Activate managers as multipliers. Frontline managers shape whether adoption sticks day to day. Managers play a particularly critical role for adopters and observers, who often mirror their leaders’ behaviors. New research from the BCG Henderson Institute and Columbia Business School shows that employee-centric organizations are about seven times more likely to be AI mature than their peers, and employee centricity explains the largest share of variance (approximately 36%) in AI maturity. That maturity is built bottom up—through visible manager use of AI, local empowerment, and feedback loops that translate intent into daily practice.

In one vivid example, a manager in a company training program gave a team permission to risk missing a deadline if it used AI in its work, causing AI use to rise significantly.
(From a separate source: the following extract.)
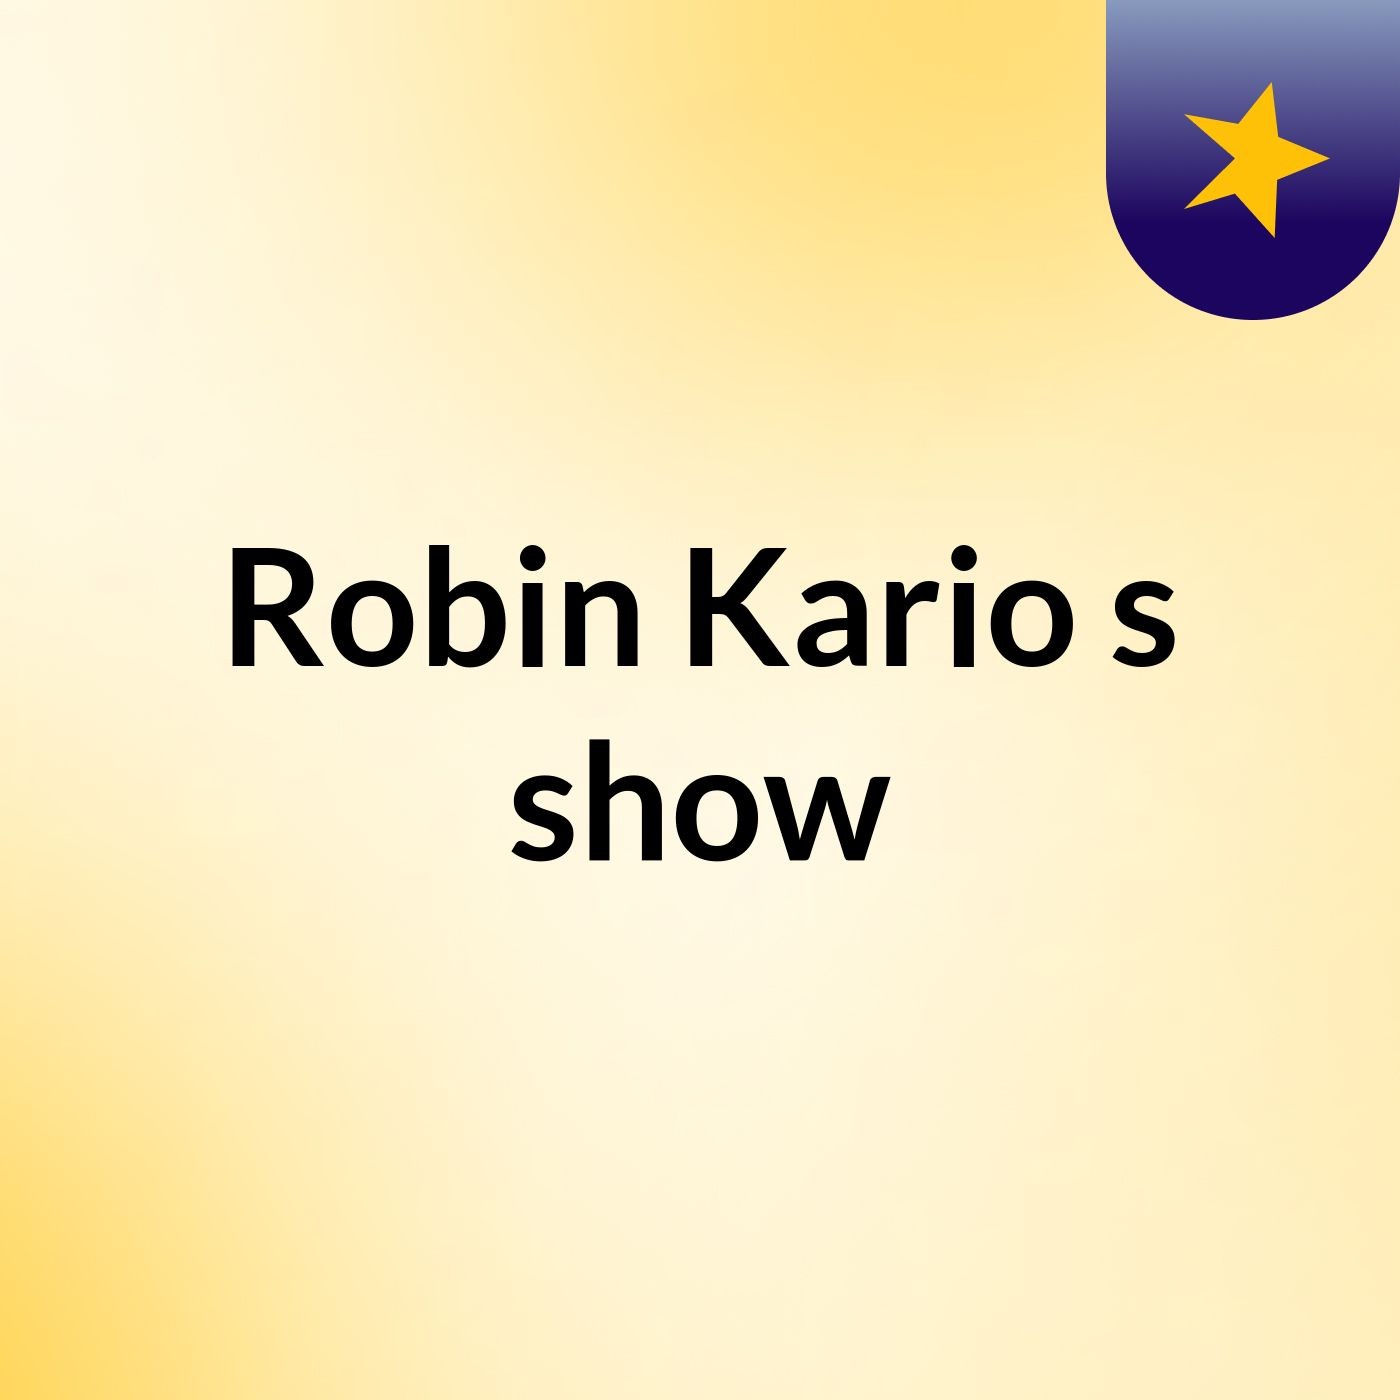 Robin Kario's show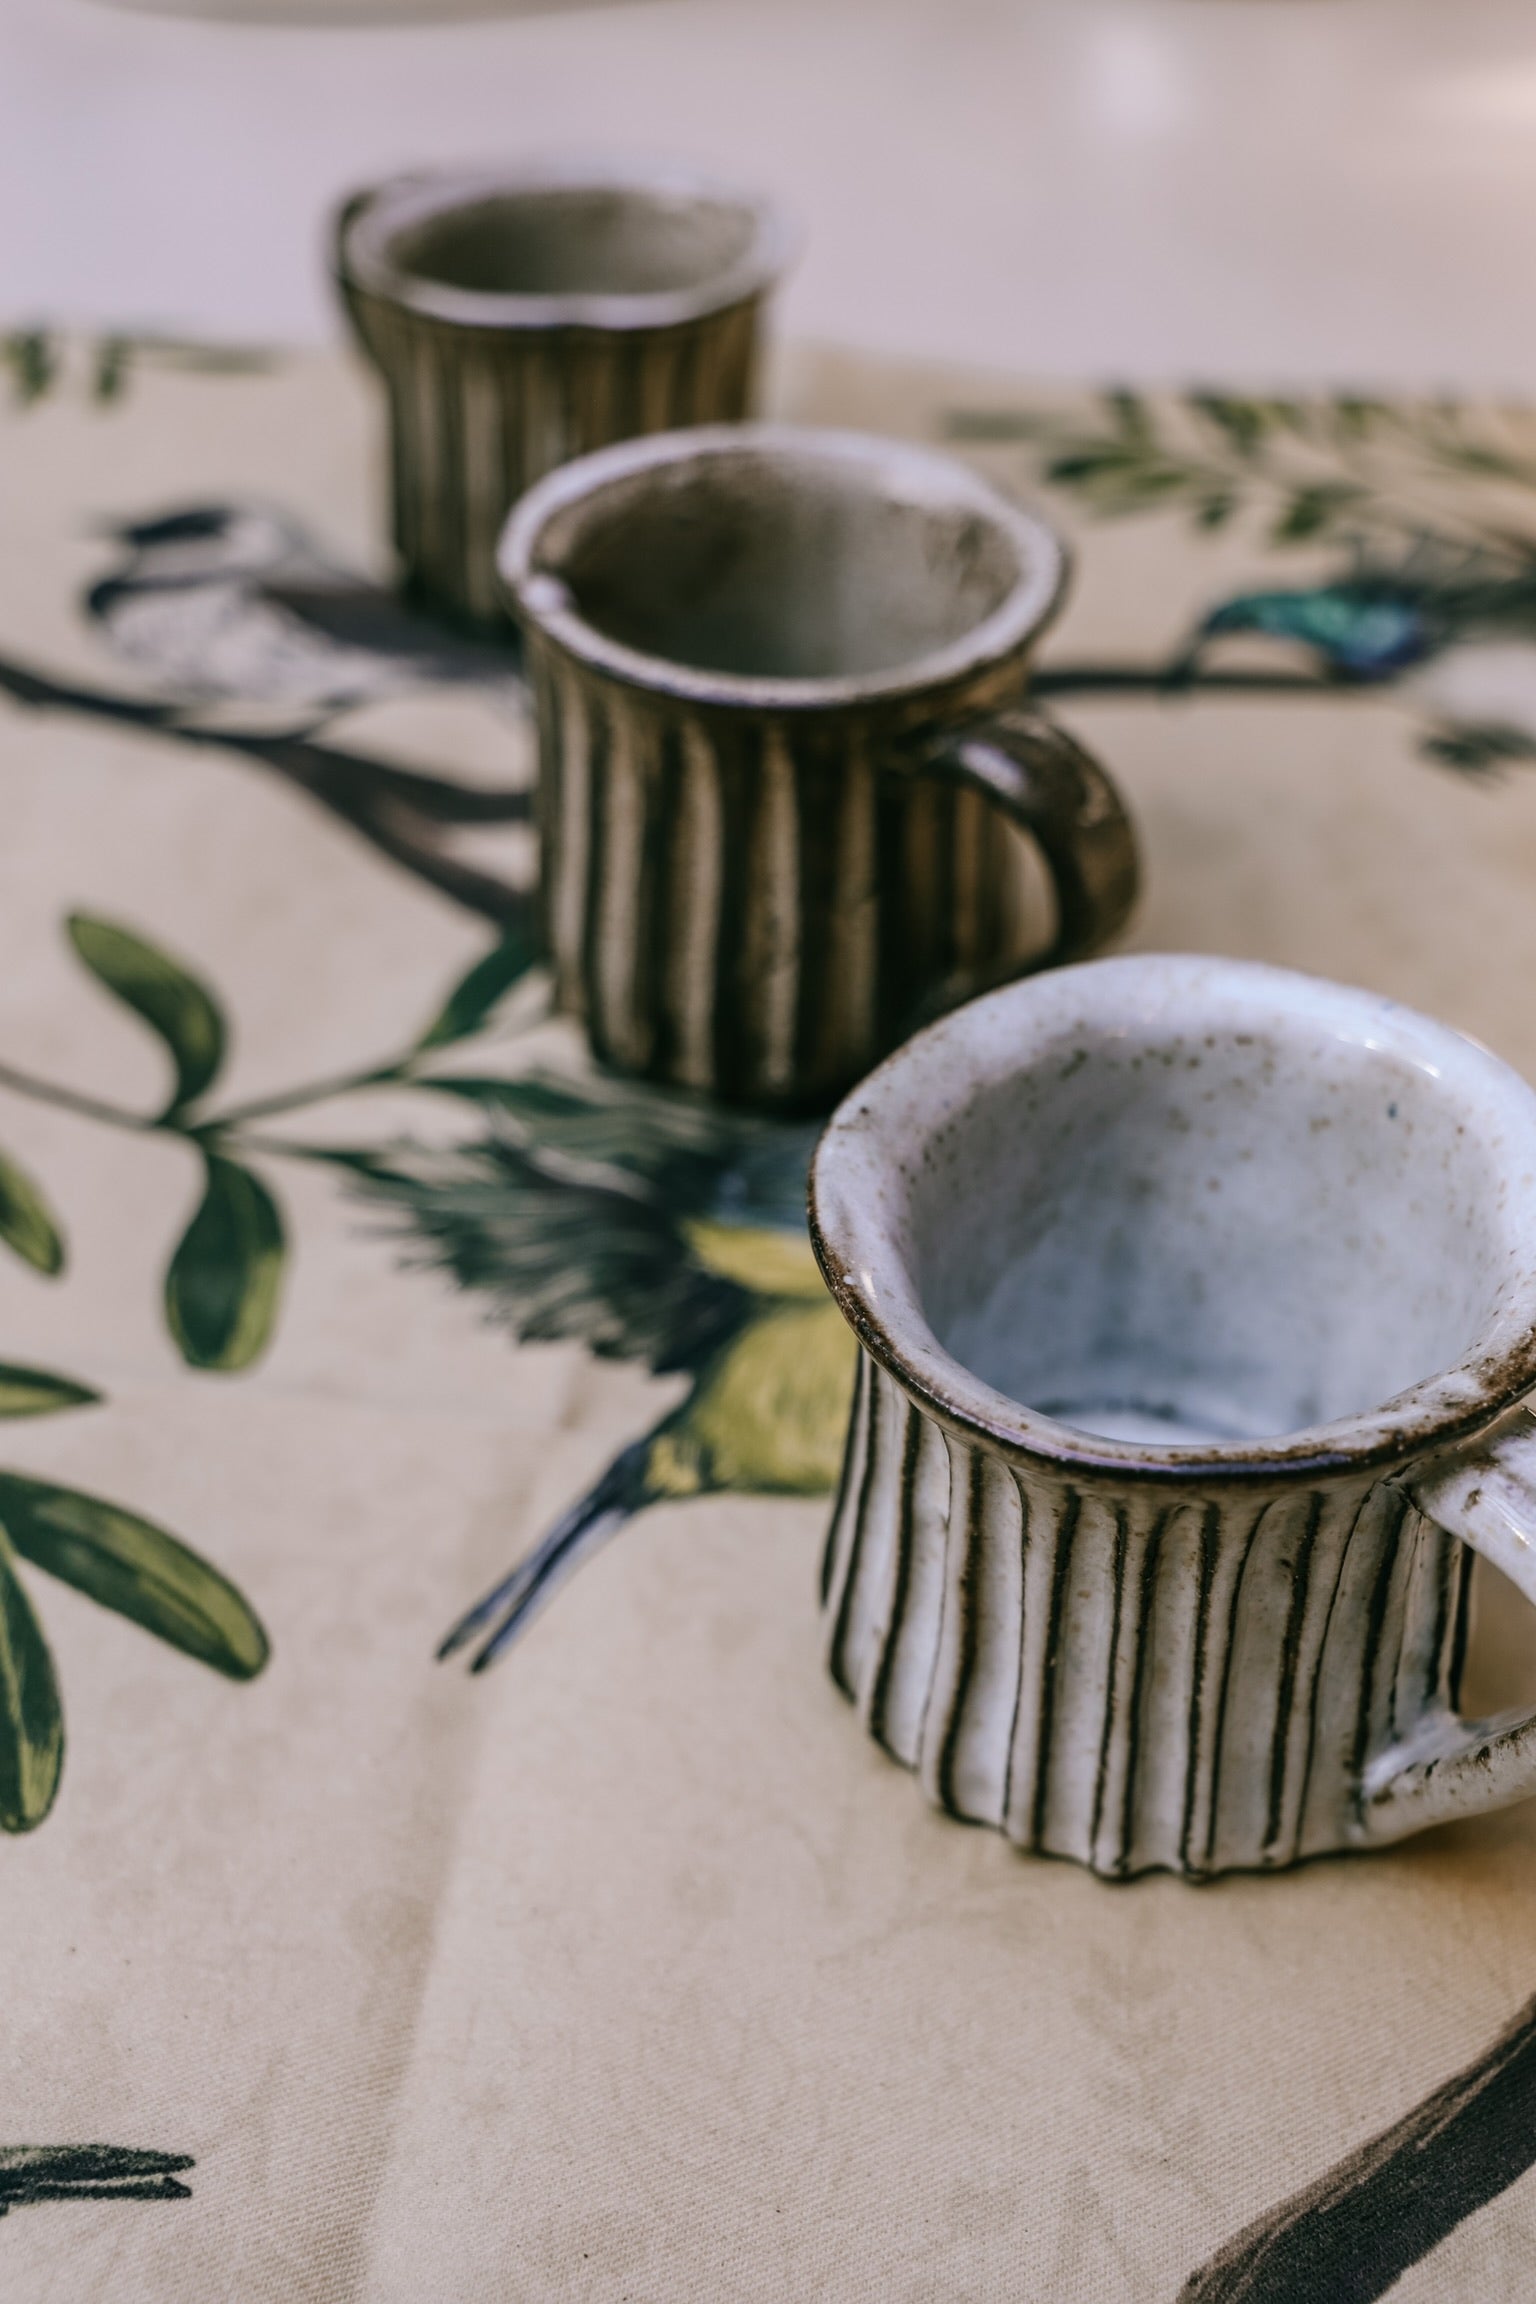 Handmade Fluted Mugs

At another company, managers integrated AI learning into the team’s existing touch points to make it part of employees’ existing daily rhythms rather than as an add-on.

Manage skeptics carefully. It’s crucial for leaders to engage cautious skeptics directly, addressing their concerns in small, fact-based forums and using data to demonstrate AI’s reliability. These experienced professionals often question AI’s reliability and relevance to their craft. Addressing their belief gap through peer demonstrations and role-specific pilots helps build confidence. In team-based forums, skeptics respond best when trusted peers share examples of improved output quality rather than abstract promises of productivity.

Conversely, ignoring or trivializing their concerns, rather than addressing them head-on, can allow skeptics’ doubts to spread, undermining adoption. We saw such a situation have this impact when a senior engineer spoke out against using AI in their work. The result was an immediate decrease in employee engagement with AI.


AI adoption is not a switch that can just be flipped on. To generate real value and avoid the mistakes of many organizations, leaders must look clearly at the quality of their AI adoption and not just the number of logins. At its heart, adoption is not about doing what we do today somewhat better—it’s about meaningfully changing people’s behavior and the fundamentals of how we work.